Authors: Salma Abdelnour
“I feel weird that we walked in on them like that.”
“I’m glad we jolted them a little. I guess I should respect their privacy, but it’s about time they got used to seeing a woman in the doorway.”
On the way to the souk, we pass by a famous pastry shop called Abdel Rahman Hallab and stop in for Arabic coffee and some morning dessert:
osmalliyeh
, a tangle of vermicelli noodles fried until they’re crunchy, and topped with a creamy, soft white cheese and a drizzle of the sugar syrup called ater.
We find a busy weekday hustle-bustle at the souk, when we arrive on foot a few minutes later. We wind through the mazelike alleyways, past vendors selling fresh fish splayed out on ice beds, butcher stands with whole sheep hanging from hooks, rotisseries with rows of roasting chickens, and women shopping for vegetables with their kids in tow, haggling over prices. In one corner of the souk is one of Tripoli’s old
hammams
, public baths. We open the door to peek in the entrance, and a man dispensing towels up front asks in Arabic if we need help.

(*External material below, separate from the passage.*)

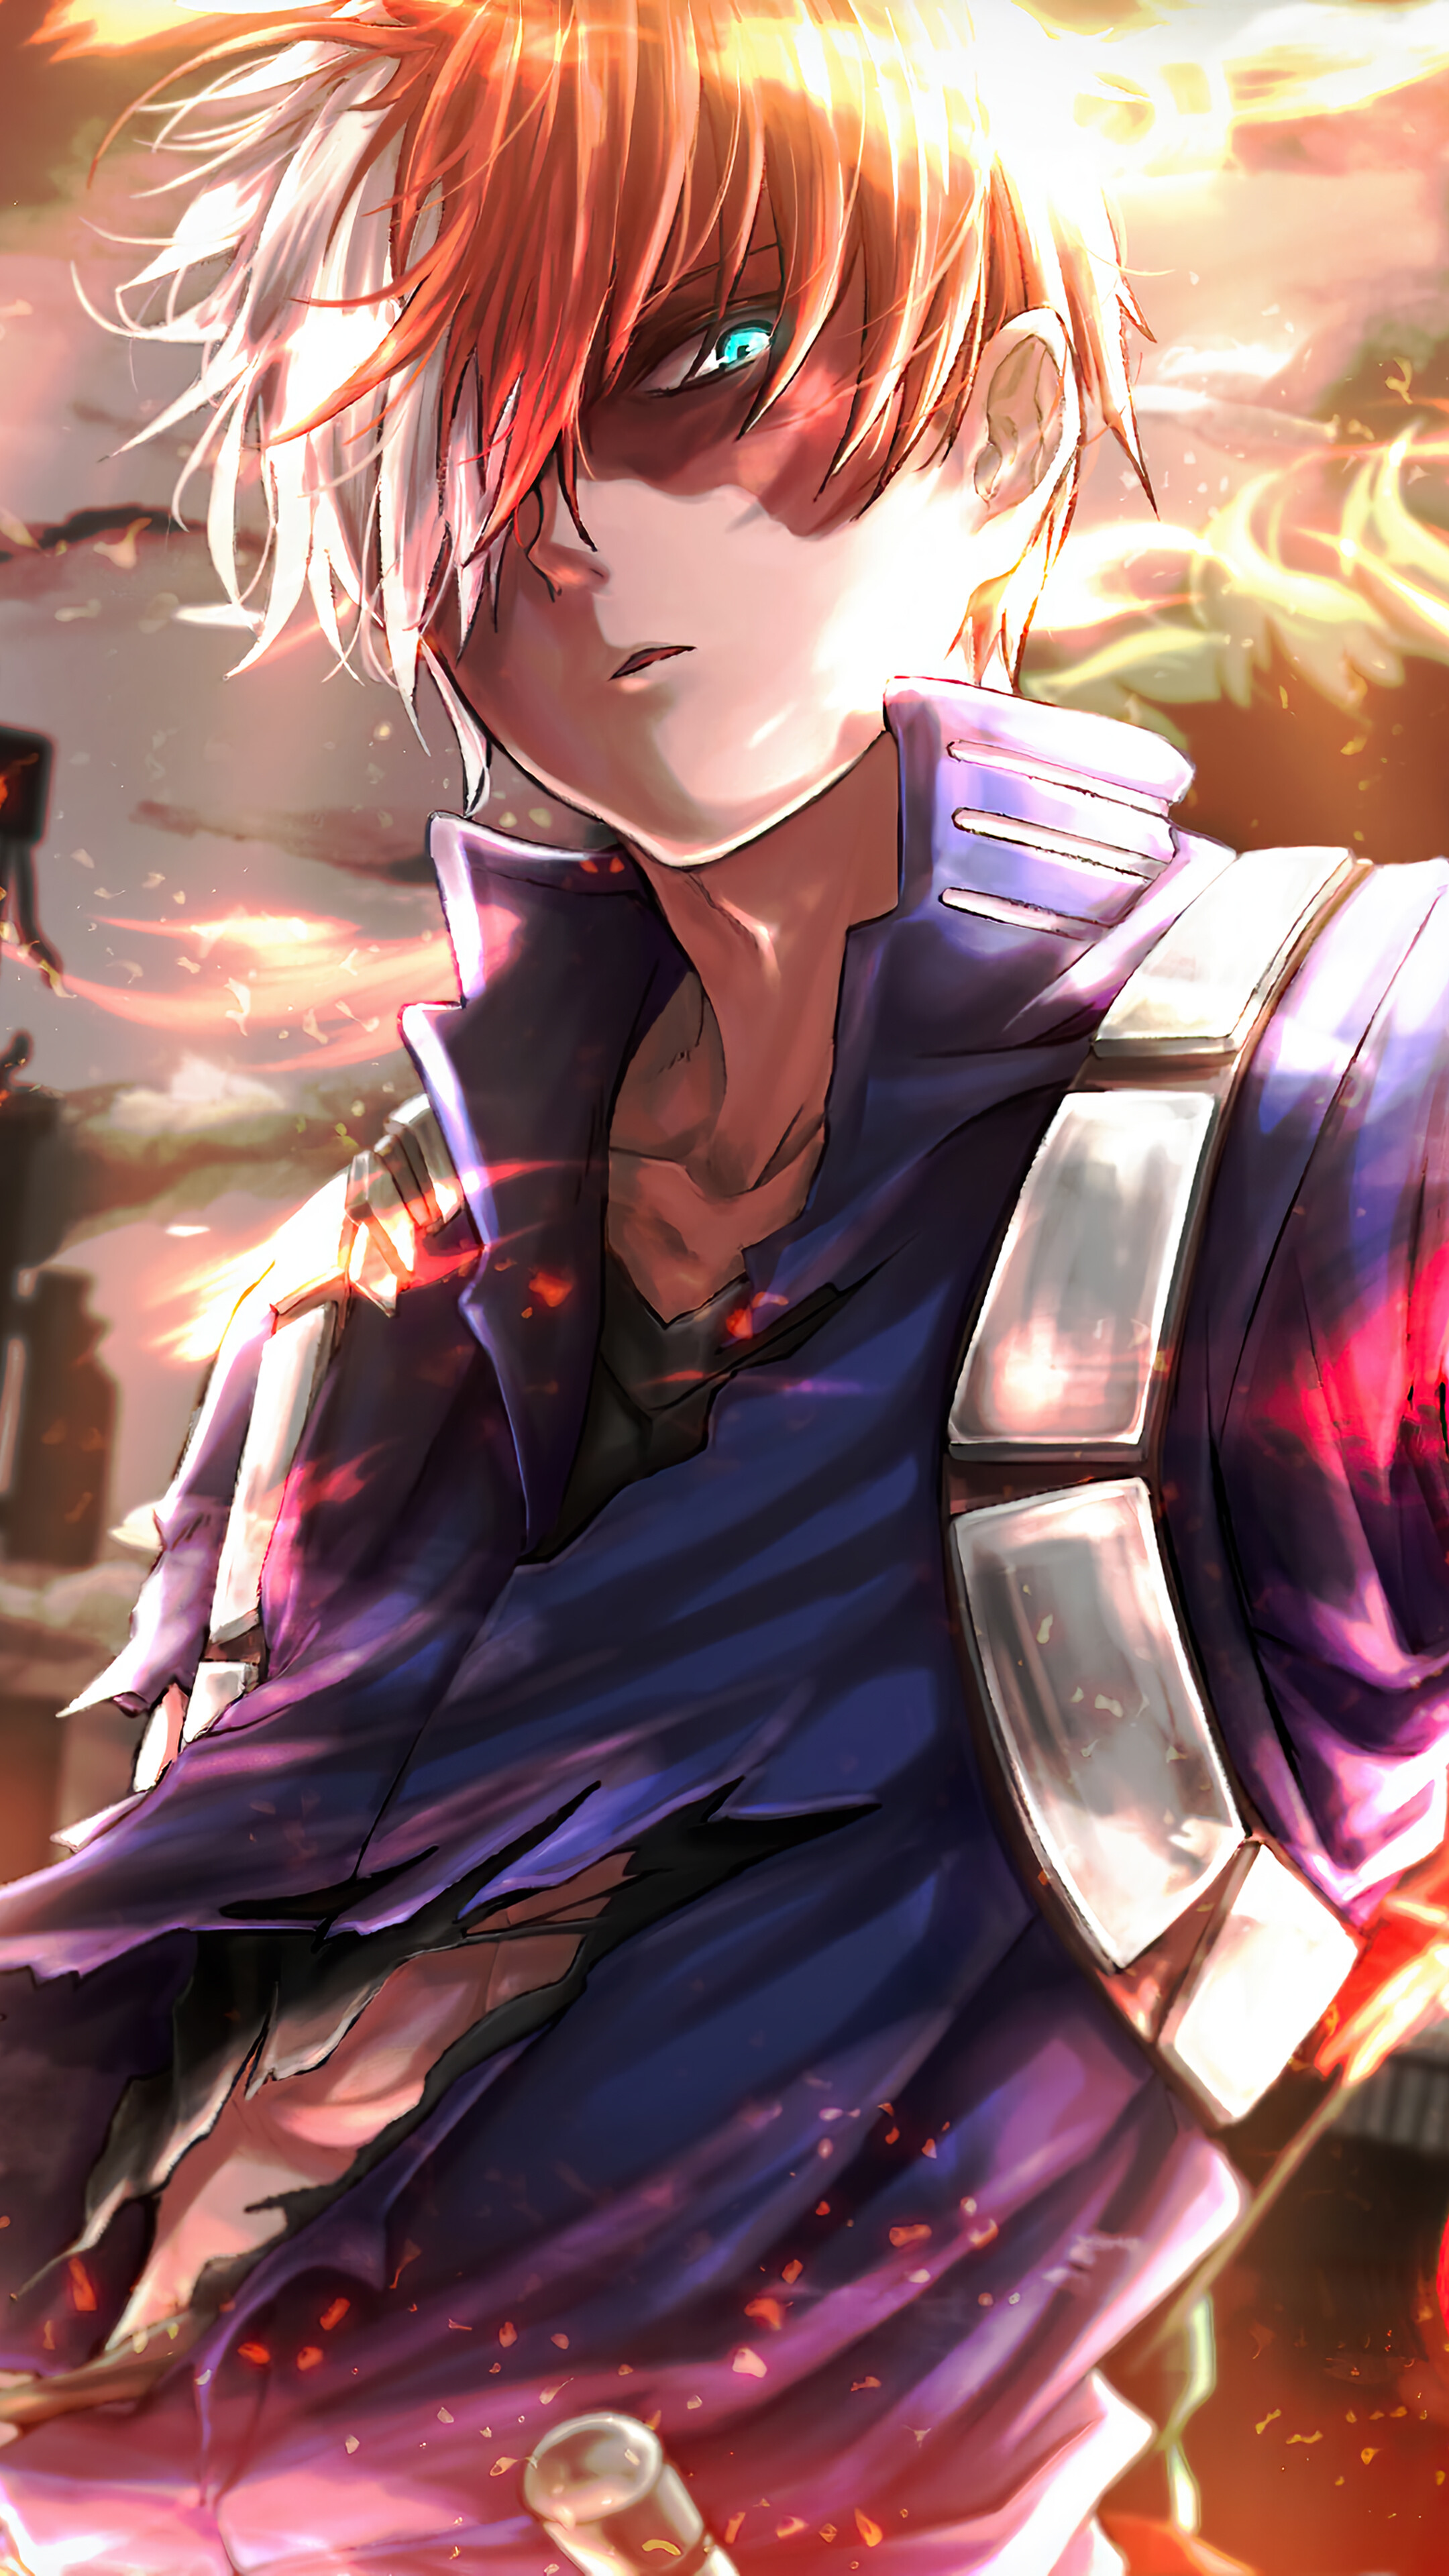 Pictures Of Shoto Todoroki From My Hero Academia Wallpapers

I tell him we’d like to visit an old hammam. He says this one is for men only. “Is there one nearby for women?” I ask.
“No, but you’re welcome to come in if you just want a tour. Hold on.”
He disappears inside and comes back a few minutes later.
“Ok, it’s ready. Come this way.”
We follow him into the main hammam area, room after room of tiled baths and saunas. A few men wearing towels step out of the way and nod as we walk by. I guess he told them to cover up; there’s company coming. We emerge into a salon area, a square-shaped room lined with rug-covered banquettes for lounging. He offers us tea. We politely decline, and I ask if I can buy a few bars of soap from the stacks on shelves against the wall. It turns out
they aren’t for sale, only for use in the baths. But he gives me a price if I want to buy some, fifty cents each, and I take two—at least some contribution, albeit a feeble one, for his time and hospitality.
One end of the souk leads through a series of twisting alleyways into the city’s old soap factory, Khan el Saboun, now mostly a string of shops selling soap and surrounding a big tiled bath, which looks as if it hasn’t been used in a century. We buy some soap made from olive oil and keep walking through the alleys and past more meat and fish and produce vendors. At a bakery on the edge of the souk, we pick up a snack of the sesame bread called
kaak
filled with melted Picon cheese—the blandly creamy processed cheese I grew up with and used to make fun of with my school friends. Somehow the cheese has also become a ubiquitous filling for kaak, but when served warm and slathered on the inside of the ring-shaped loaf, it becomes hypnotically good, its slight saltiness melding with the tastes of sesame and toasted bread.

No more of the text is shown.